§ Problem details: The lines from the start of the records through the one containing "Forward-link scheduling in" are to be restated word for word; please include both ends.

§ Records from a data source:
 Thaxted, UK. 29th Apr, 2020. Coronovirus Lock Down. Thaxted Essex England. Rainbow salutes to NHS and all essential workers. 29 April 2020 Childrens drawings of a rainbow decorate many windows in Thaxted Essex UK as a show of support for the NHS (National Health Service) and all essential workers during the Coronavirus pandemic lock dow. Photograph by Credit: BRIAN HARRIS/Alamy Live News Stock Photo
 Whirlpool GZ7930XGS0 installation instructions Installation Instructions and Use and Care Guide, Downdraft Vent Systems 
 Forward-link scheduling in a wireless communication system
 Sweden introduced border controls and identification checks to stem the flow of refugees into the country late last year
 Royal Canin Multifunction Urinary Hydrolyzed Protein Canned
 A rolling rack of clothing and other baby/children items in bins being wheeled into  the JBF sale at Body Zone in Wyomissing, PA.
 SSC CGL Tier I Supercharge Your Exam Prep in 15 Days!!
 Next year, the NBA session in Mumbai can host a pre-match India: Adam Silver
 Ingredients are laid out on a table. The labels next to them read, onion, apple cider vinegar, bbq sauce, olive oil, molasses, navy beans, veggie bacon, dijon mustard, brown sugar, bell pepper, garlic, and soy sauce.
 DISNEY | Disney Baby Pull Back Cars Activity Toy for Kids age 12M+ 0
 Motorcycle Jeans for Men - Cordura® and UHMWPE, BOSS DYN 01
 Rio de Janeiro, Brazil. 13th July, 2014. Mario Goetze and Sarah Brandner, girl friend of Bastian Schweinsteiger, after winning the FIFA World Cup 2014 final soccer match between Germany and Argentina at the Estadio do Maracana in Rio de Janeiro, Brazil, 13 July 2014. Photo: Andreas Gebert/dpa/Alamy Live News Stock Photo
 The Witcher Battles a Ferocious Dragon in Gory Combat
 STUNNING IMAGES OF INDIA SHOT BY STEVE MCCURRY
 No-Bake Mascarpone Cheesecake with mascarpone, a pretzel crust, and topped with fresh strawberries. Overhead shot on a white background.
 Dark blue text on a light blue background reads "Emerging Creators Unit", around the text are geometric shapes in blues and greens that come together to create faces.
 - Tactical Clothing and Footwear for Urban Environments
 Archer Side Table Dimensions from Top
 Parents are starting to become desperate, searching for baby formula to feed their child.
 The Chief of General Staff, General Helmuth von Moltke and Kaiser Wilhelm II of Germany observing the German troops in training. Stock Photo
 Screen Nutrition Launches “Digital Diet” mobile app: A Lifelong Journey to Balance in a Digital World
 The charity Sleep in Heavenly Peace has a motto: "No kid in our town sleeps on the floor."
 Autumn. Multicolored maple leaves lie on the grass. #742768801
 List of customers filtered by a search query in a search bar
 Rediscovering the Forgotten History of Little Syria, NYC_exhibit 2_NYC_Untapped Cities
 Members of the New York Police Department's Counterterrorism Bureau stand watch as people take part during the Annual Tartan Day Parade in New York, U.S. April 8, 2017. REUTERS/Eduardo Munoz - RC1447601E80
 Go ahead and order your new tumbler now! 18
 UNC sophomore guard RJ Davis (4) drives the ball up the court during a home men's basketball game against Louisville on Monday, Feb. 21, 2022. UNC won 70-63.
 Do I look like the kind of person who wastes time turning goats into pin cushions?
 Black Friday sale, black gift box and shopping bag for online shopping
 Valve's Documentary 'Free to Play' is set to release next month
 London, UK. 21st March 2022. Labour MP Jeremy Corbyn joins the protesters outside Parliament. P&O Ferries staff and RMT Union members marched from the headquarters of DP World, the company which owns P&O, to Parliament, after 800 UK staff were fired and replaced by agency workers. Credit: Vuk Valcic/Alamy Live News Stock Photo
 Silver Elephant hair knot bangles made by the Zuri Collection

§ Task response:
 Thaxted, UK. 29th Apr, 2020. Coronovirus Lock Down. Thaxted Essex England. Rainbow salutes to NHS and all essential workers. 29 April 2020 Childrens drawings of a rainbow decorate many windows in Thaxted Essex UK as a show of support for the NHS (National Health Service) and all essential workers during the Coronavirus pandemic lock dow. Photograph by Credit: BRIAN HARRIS/Alamy Live News Stock Photo
 Whirlpool GZ7930XGS0 installation instructions Installation Instructions and Use and Care Guide, Downdraft Vent Systems 
 Forward-link scheduling in a wireless communication system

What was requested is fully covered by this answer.